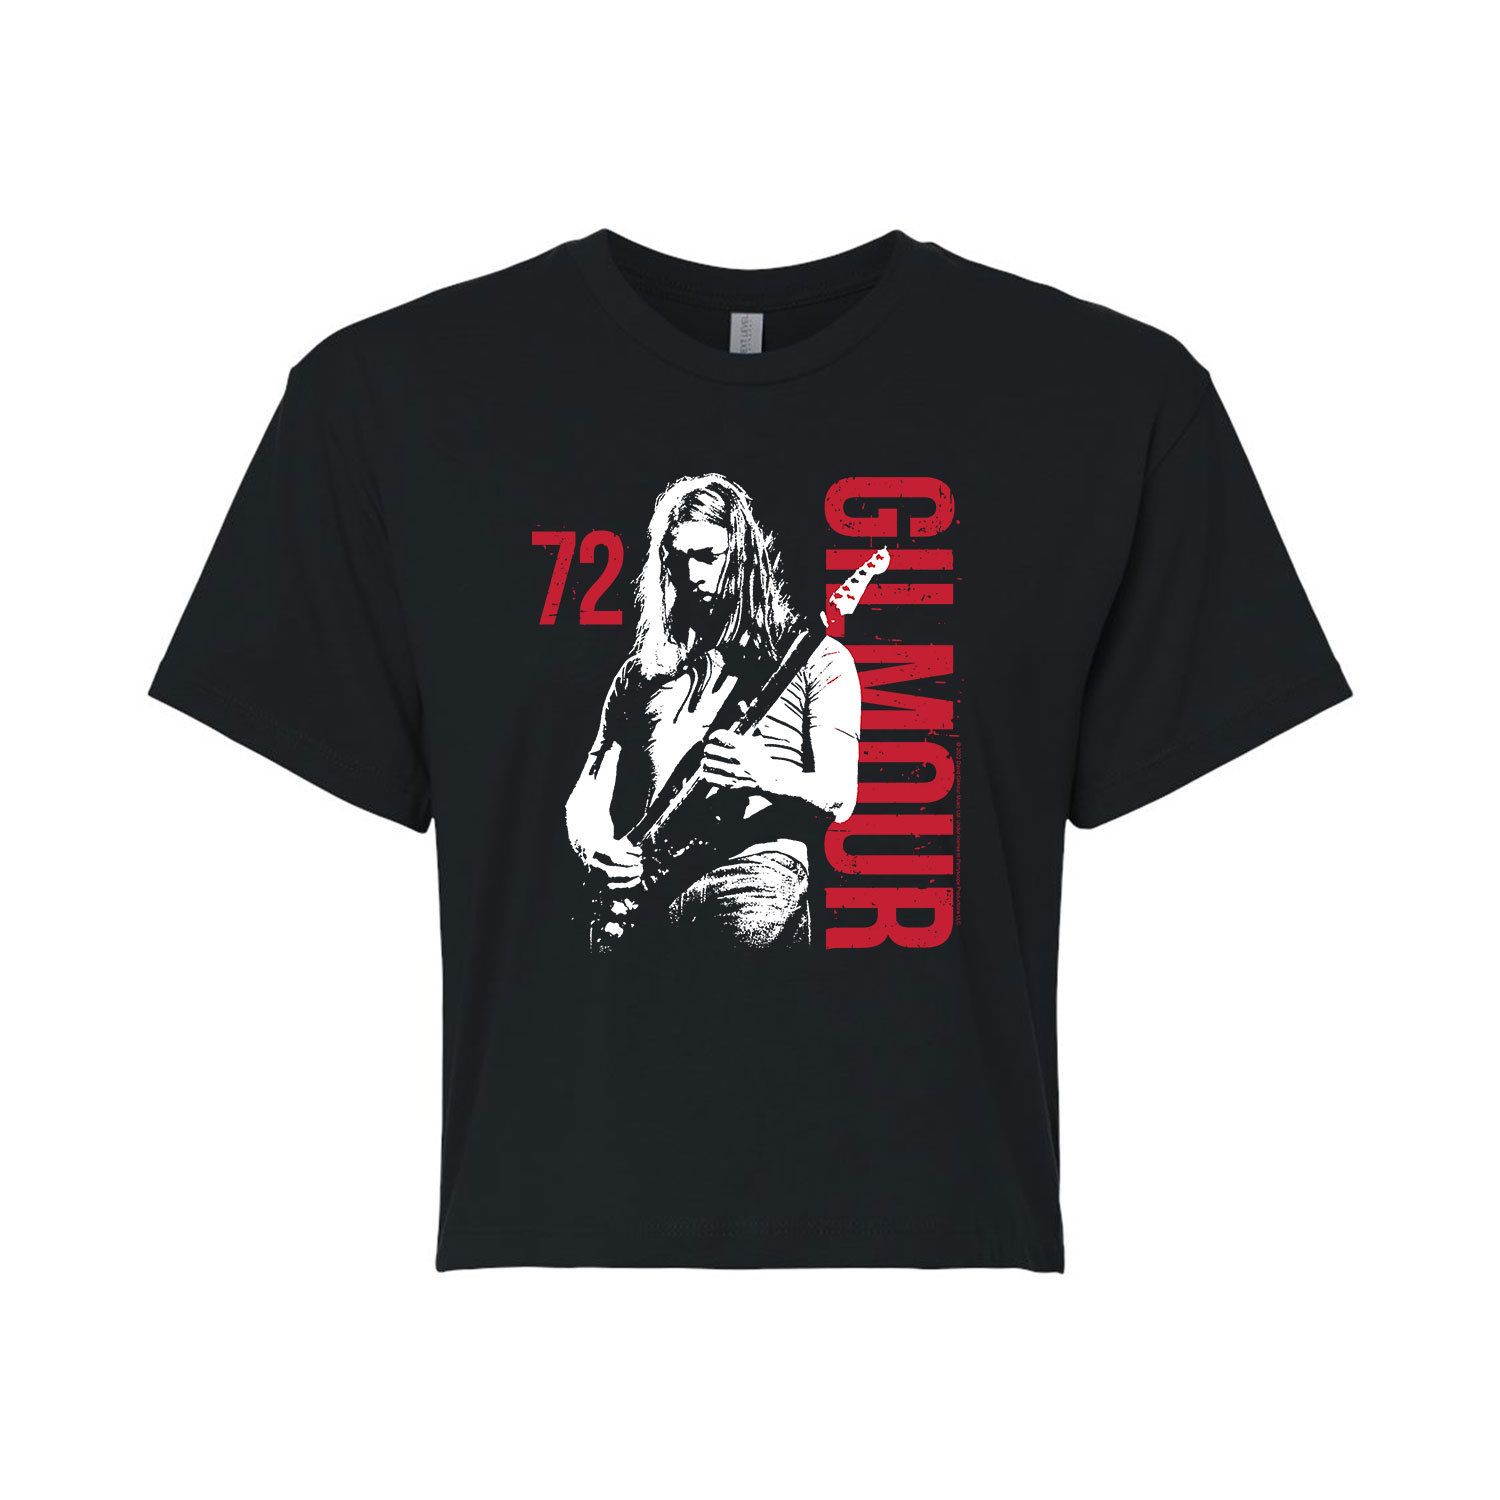 Укороченная футболка с рисунком David Gilmour 72 для юниоров Licensed Character футболка david gilmour
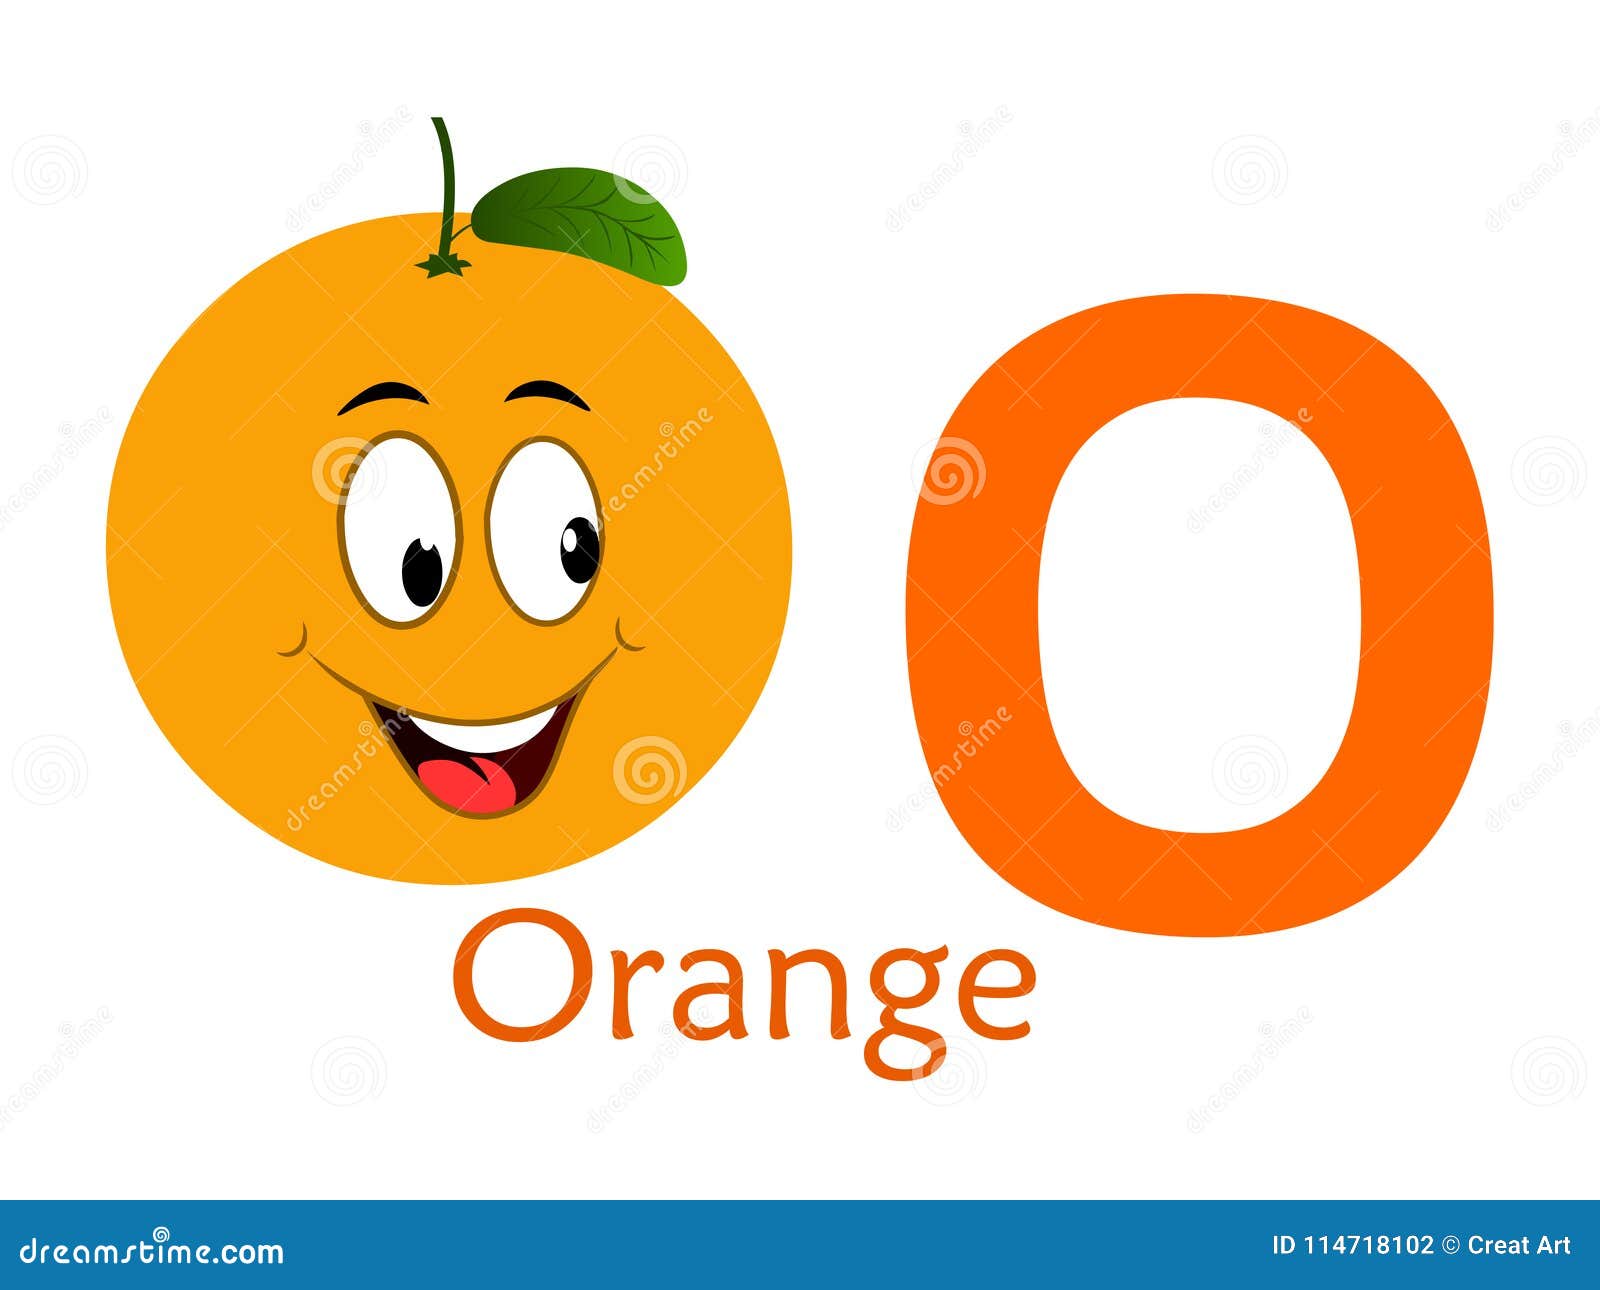 Как по английски будет апельсин. Letter o апельсин. Orange на английском. Буква o оранжевая. Апельсин на английском языке.
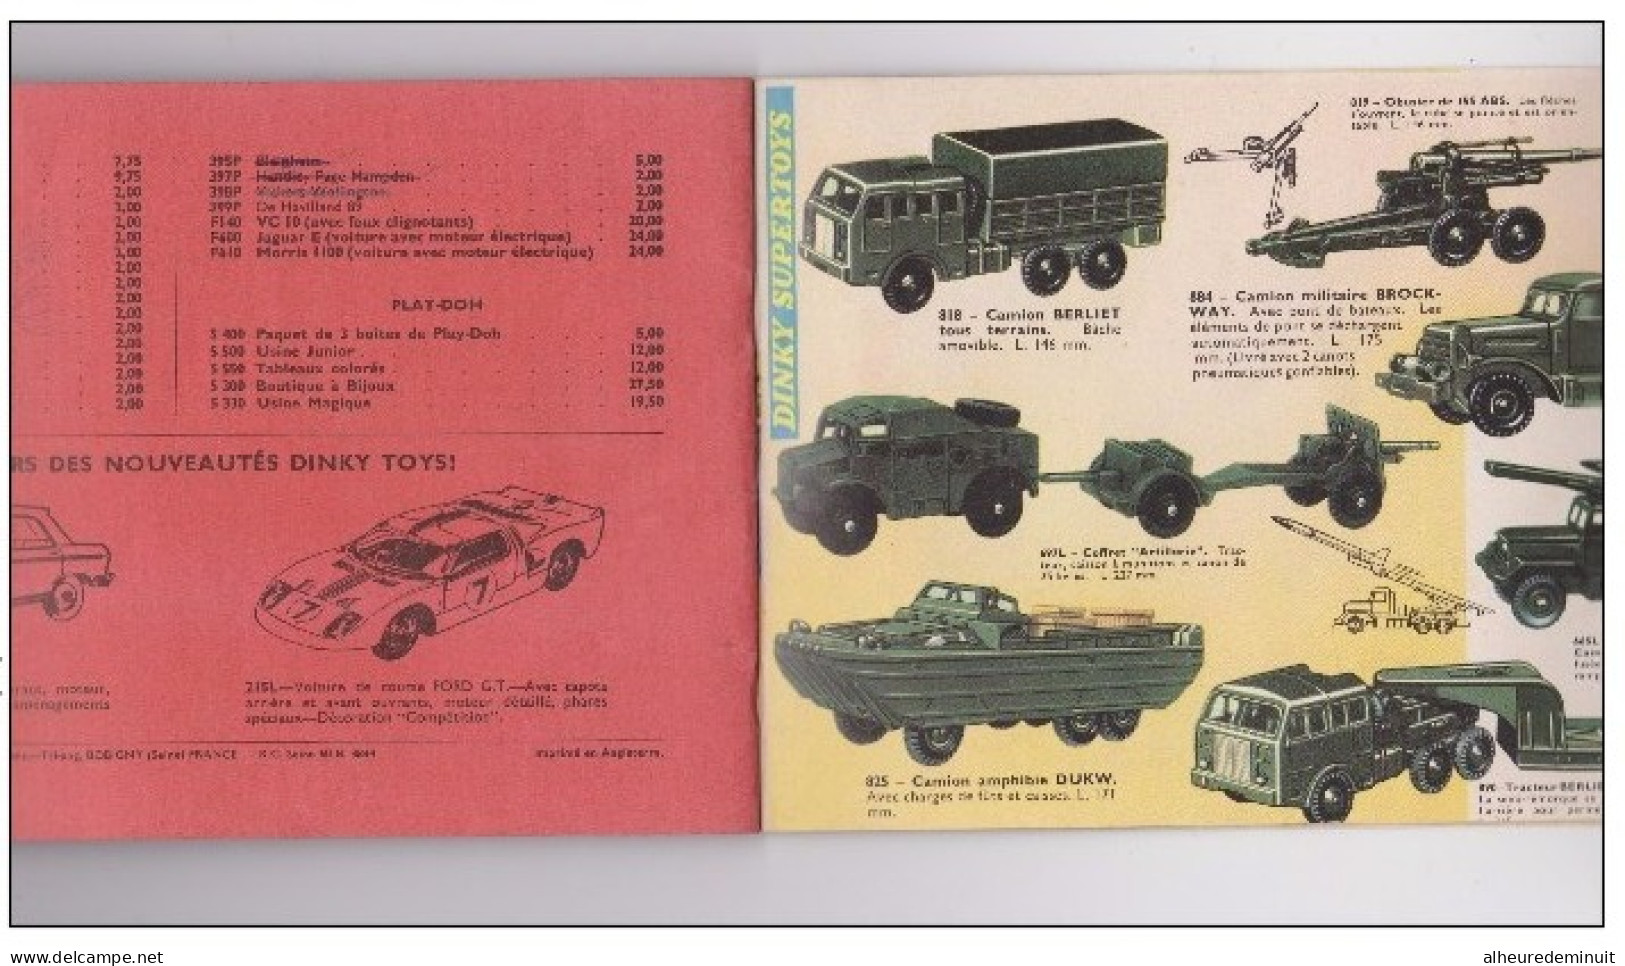 catalogue DINKY TOYS"SUPERTOYS"1965/1966"voiture miniature"autobus"camions"militaire"maquette"DS"Peugeot"Renault"Citroën
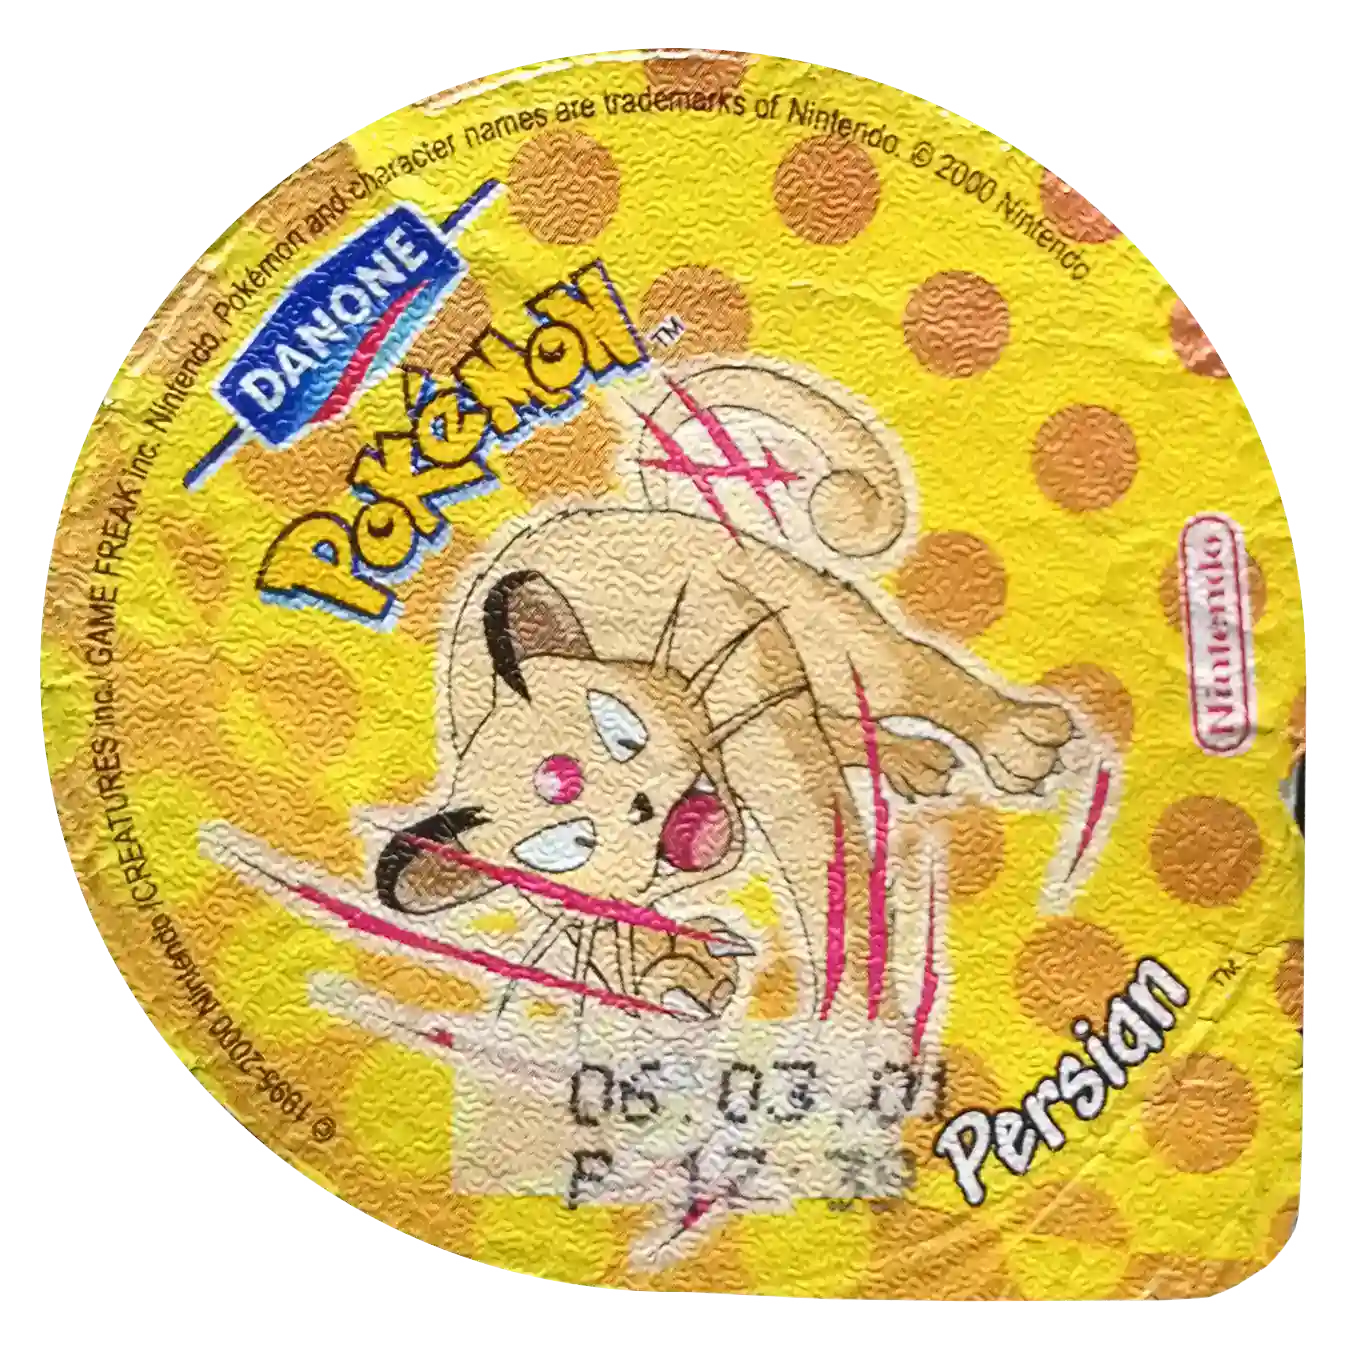 wieczka pokemon danone persian używa ataku scratch największy zbiór kolekcji pokemon tazo

PROBLEM – All lines above are to be restated word for word, with pictures excluded.

REPLY TO THE TASK –
 Укороченная футболка с рисунком David Gilmour 72 для юниоров Licensed Character футболка david gilmour
 Как по английски будет апельсин. Letter o апельсин. Orange на английском. Буква o оранжевая. Апельсин на английском языке.
 catalogue DINKY TOYS"SUPERTOYS"1965/1966"voiture miniature"autobus"camions"militaire"maquette"DS"Peugeot"Renault"Citroën
 wieczka pokemon danone persian używa ataku scratch największy zbiór kolekcji pokemon tazo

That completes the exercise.